Provided data:
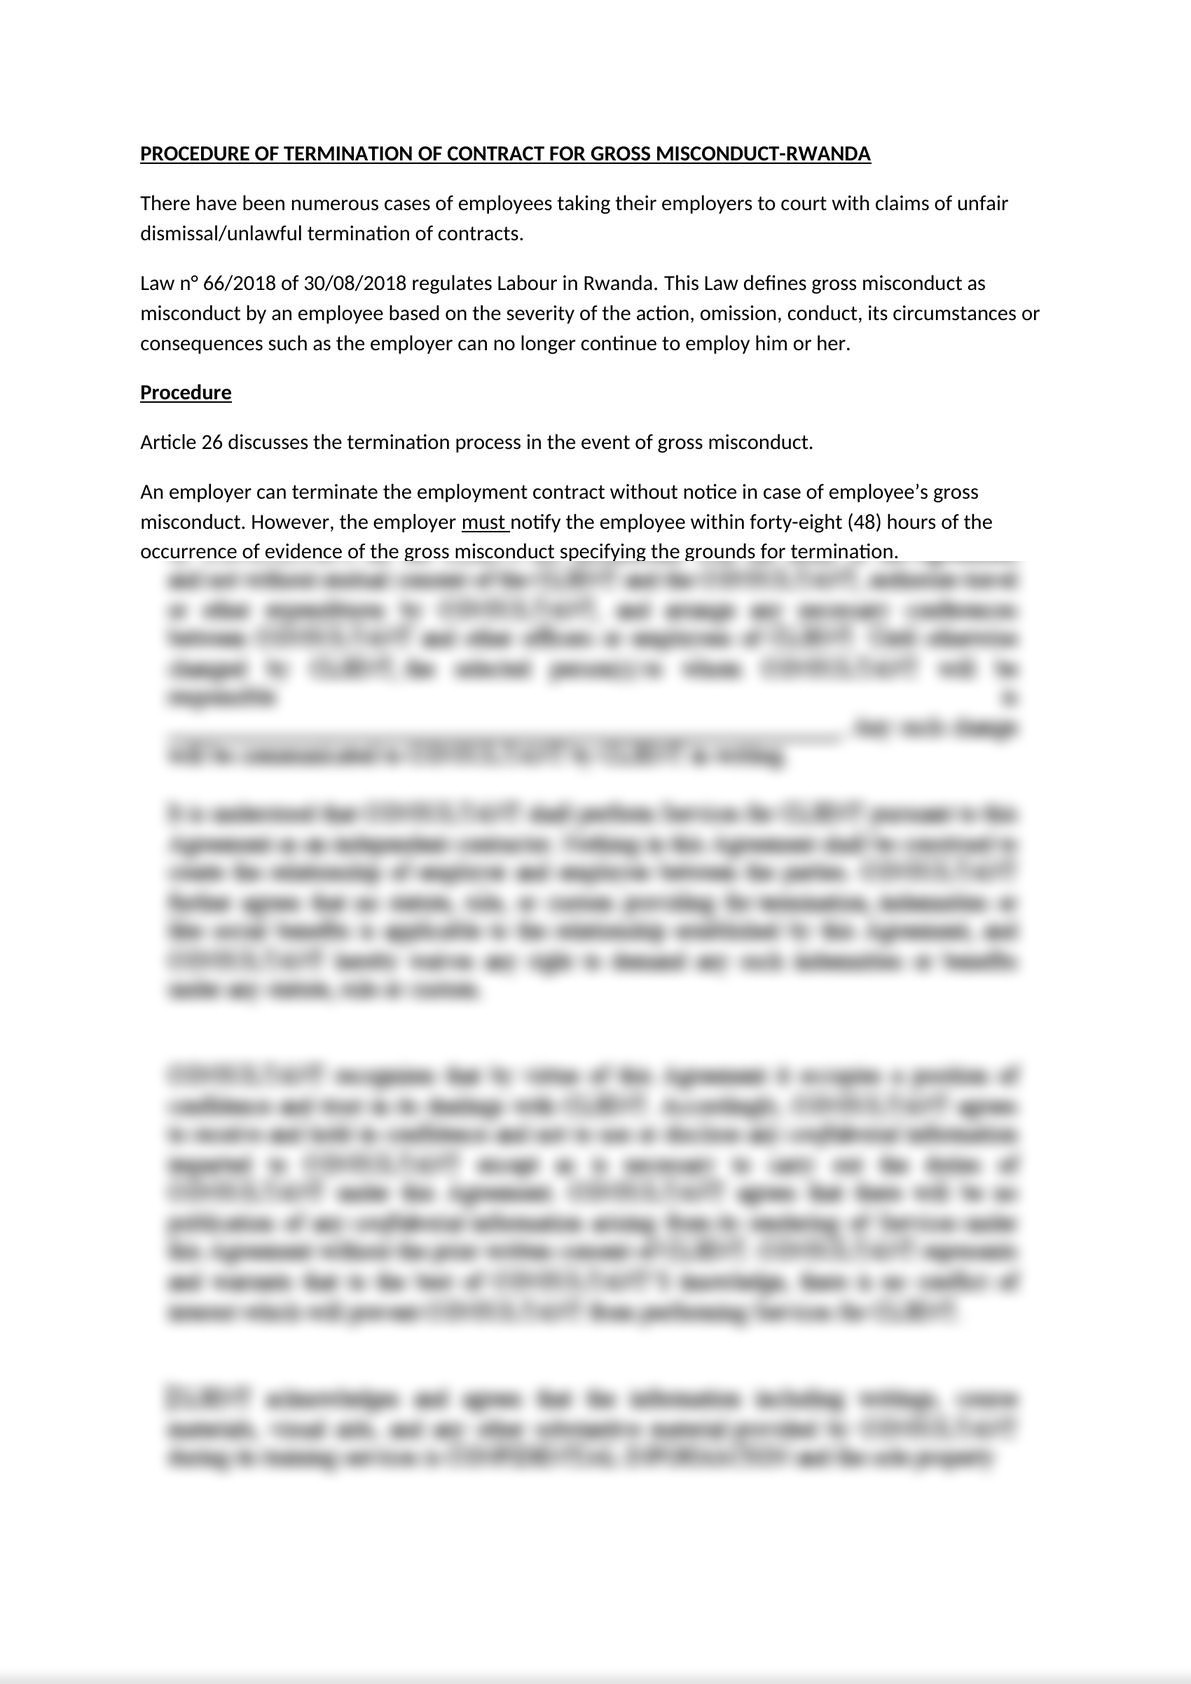 Termination procedure for gross misconduct under Rwanda Labour Law-0
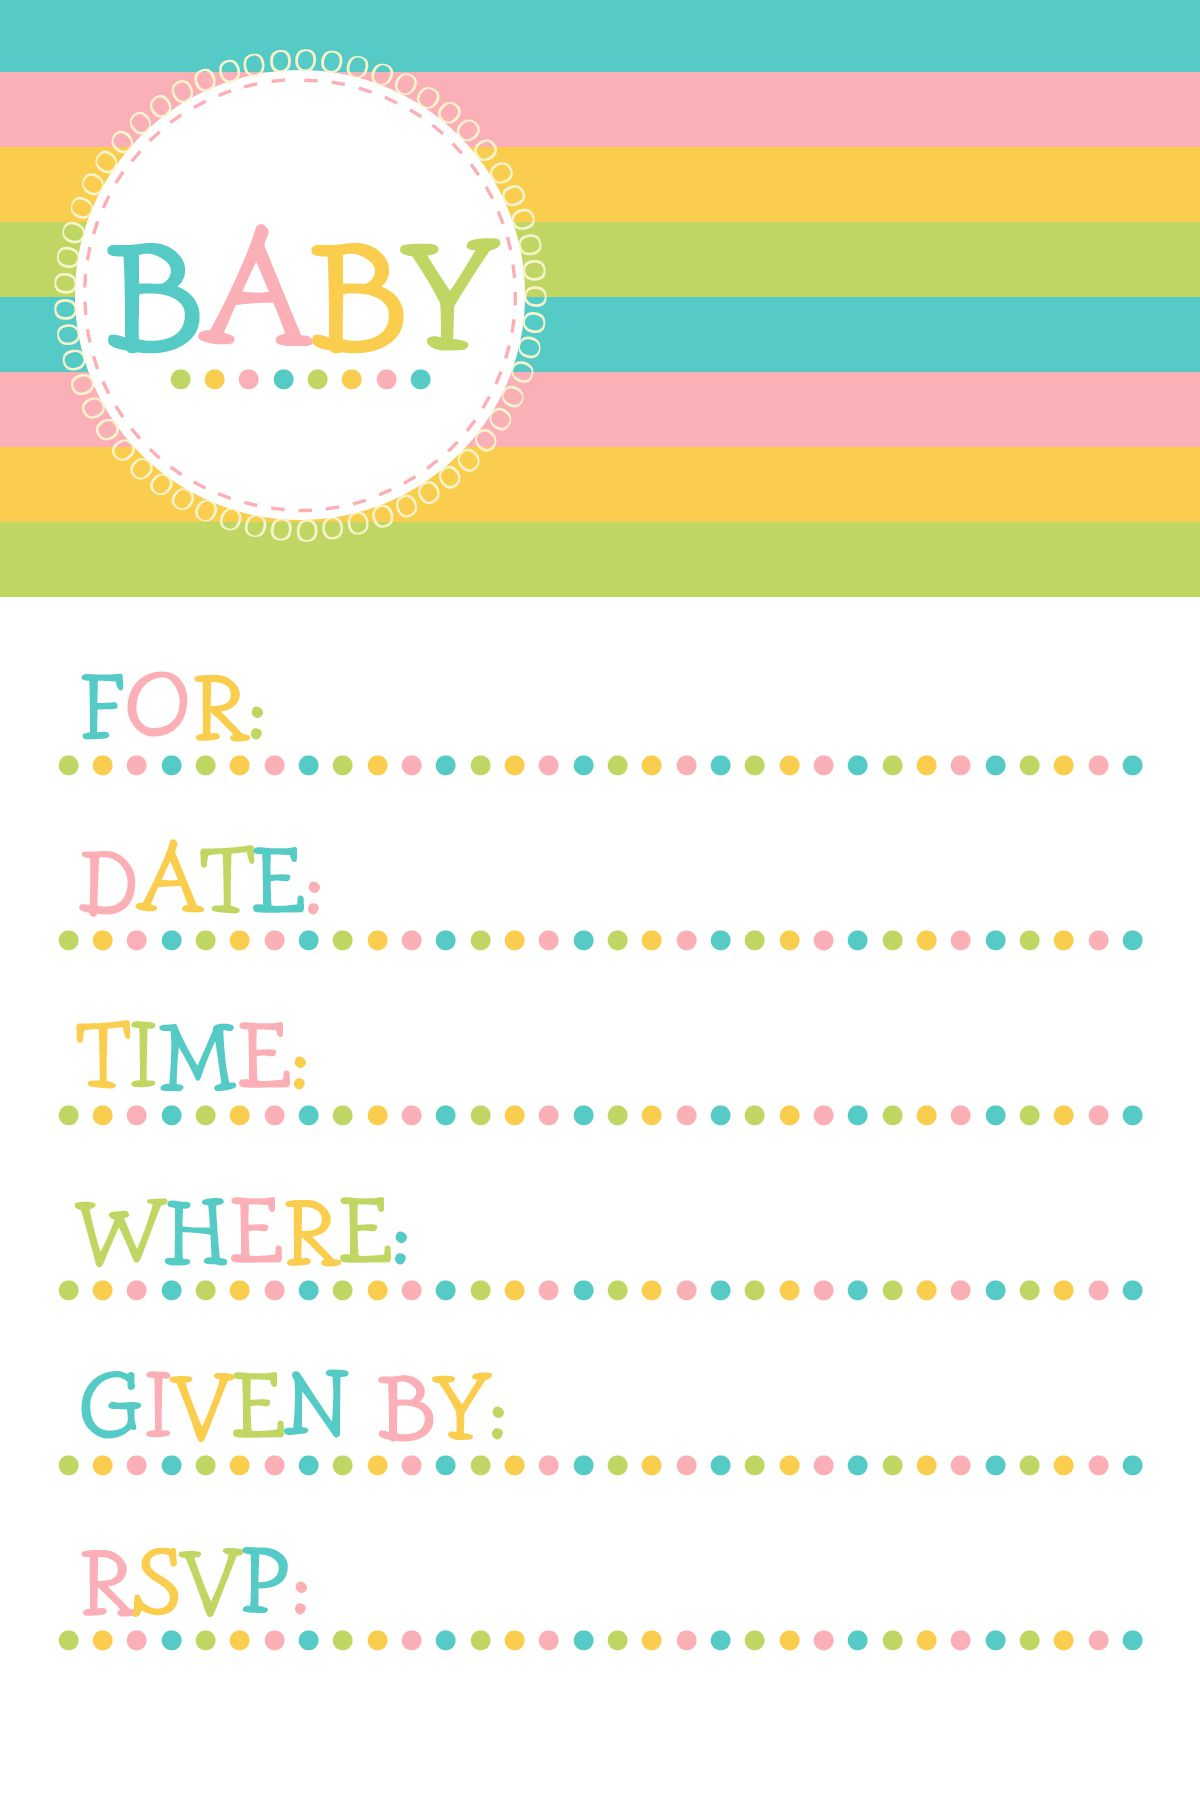 Doc Descargar Invitation Baby Shower Template
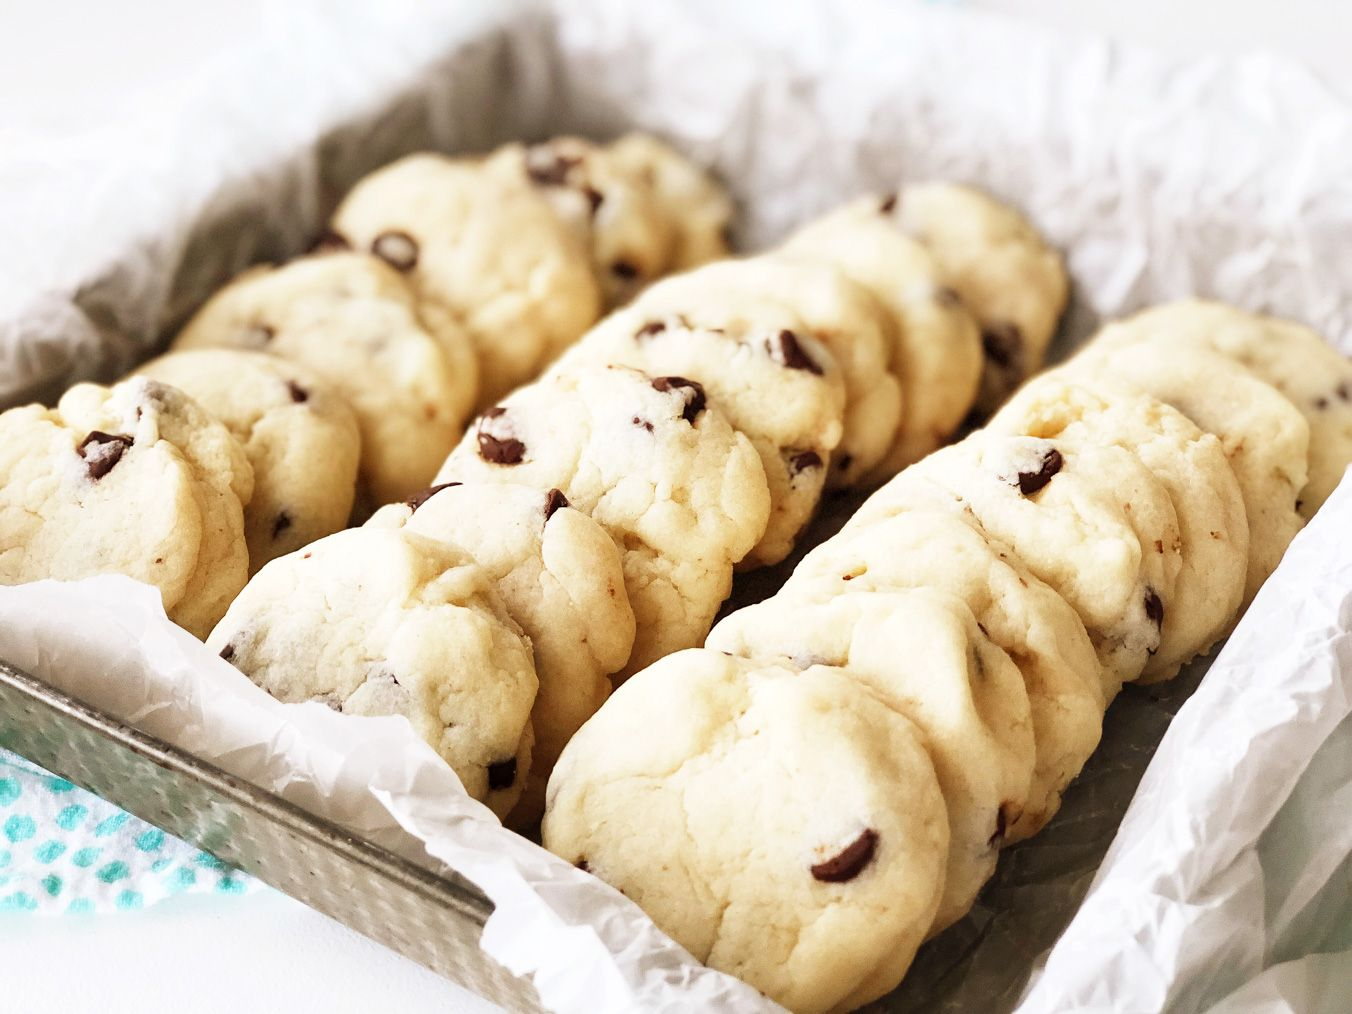 These Condensed Milk Chocolate Chip Cookies Taste Like A Shortbread Cookie In 2020 Milk Chocolate Chip Cookies Chocolate Chip Cookies Sweetened Condensed Milk Recipes
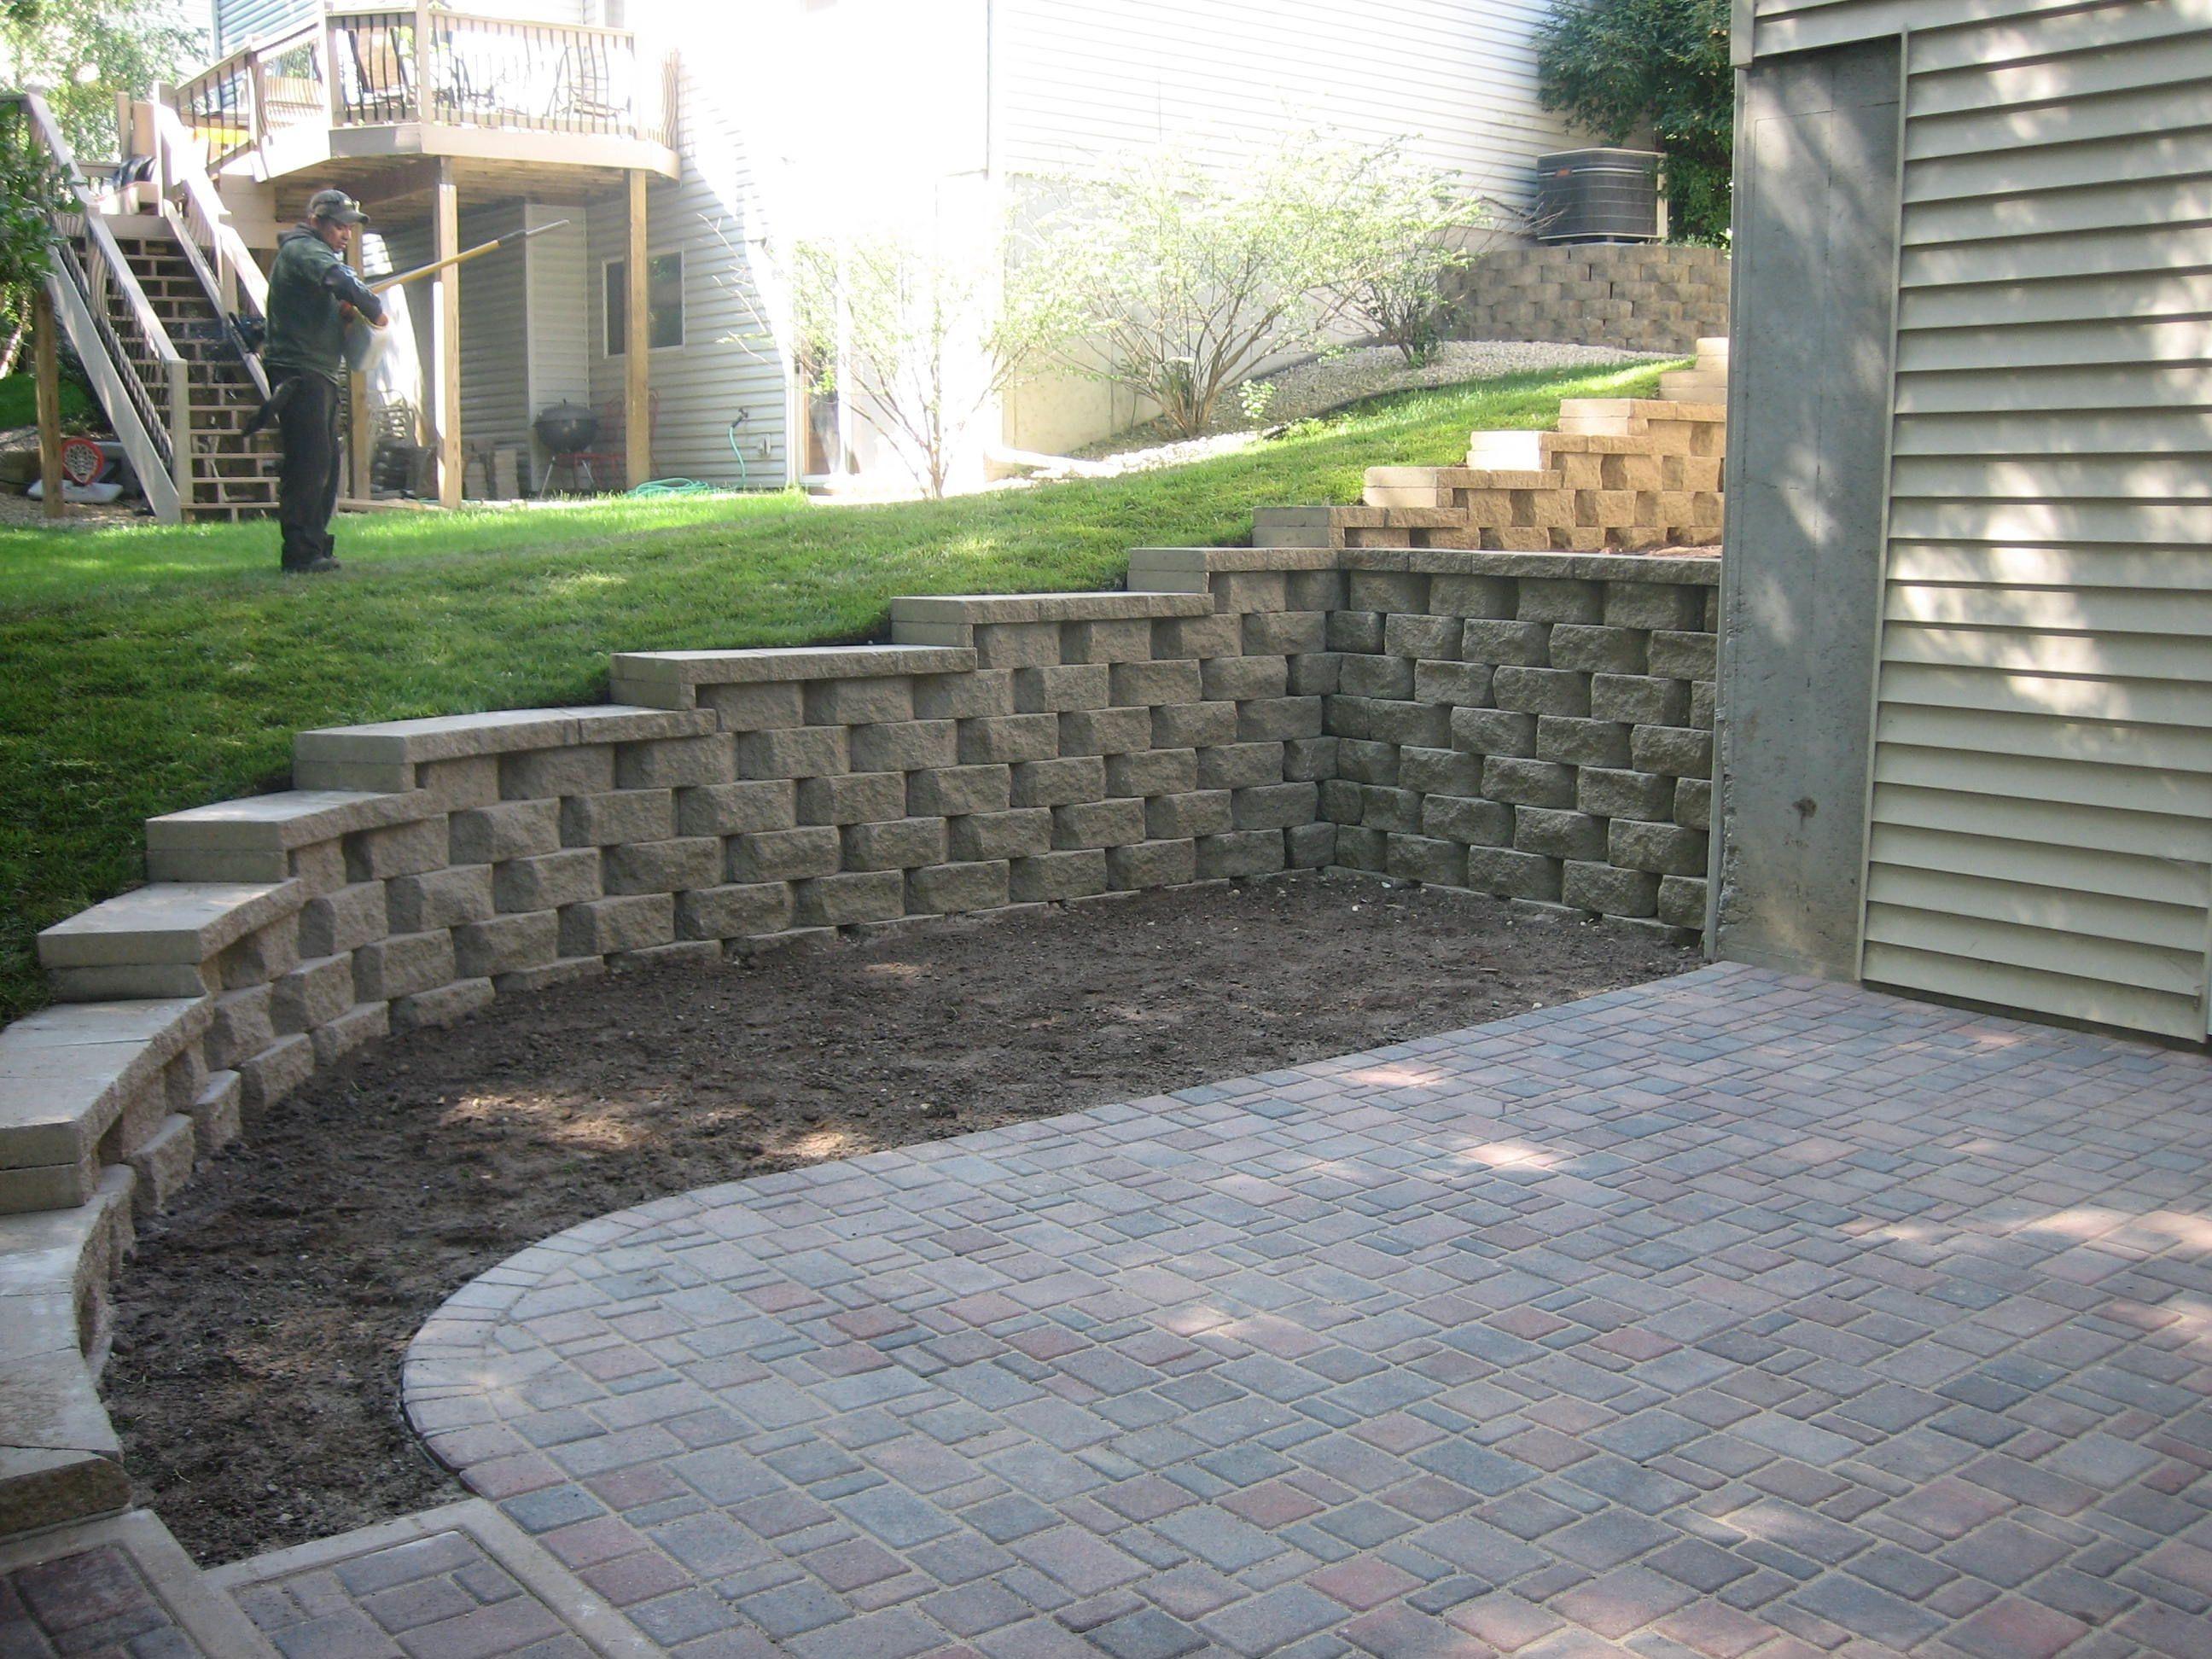 Pin By Marisa Bruce On Patio Ideas Backyard Retaining Walls Landscaping Retaining Walls Retaining Wall Patio

Work instruction:
Print every line above once more, exactly. Omit the pictures.

Answer for the task:
 Termination procedure for gross misconduct under Rwanda Labour Law-0
 Doc Descargar Invitation Baby Shower Template
 These Condensed Milk Chocolate Chip Cookies Taste Like A Shortbread Cookie In 2020 Milk Chocolate Chip Cookies Chocolate Chip Cookies Sweetened Condensed Milk Recipes
 Pin By Marisa Bruce On Patio Ideas Backyard Retaining Walls Landscaping Retaining Walls Retaining Wall Patio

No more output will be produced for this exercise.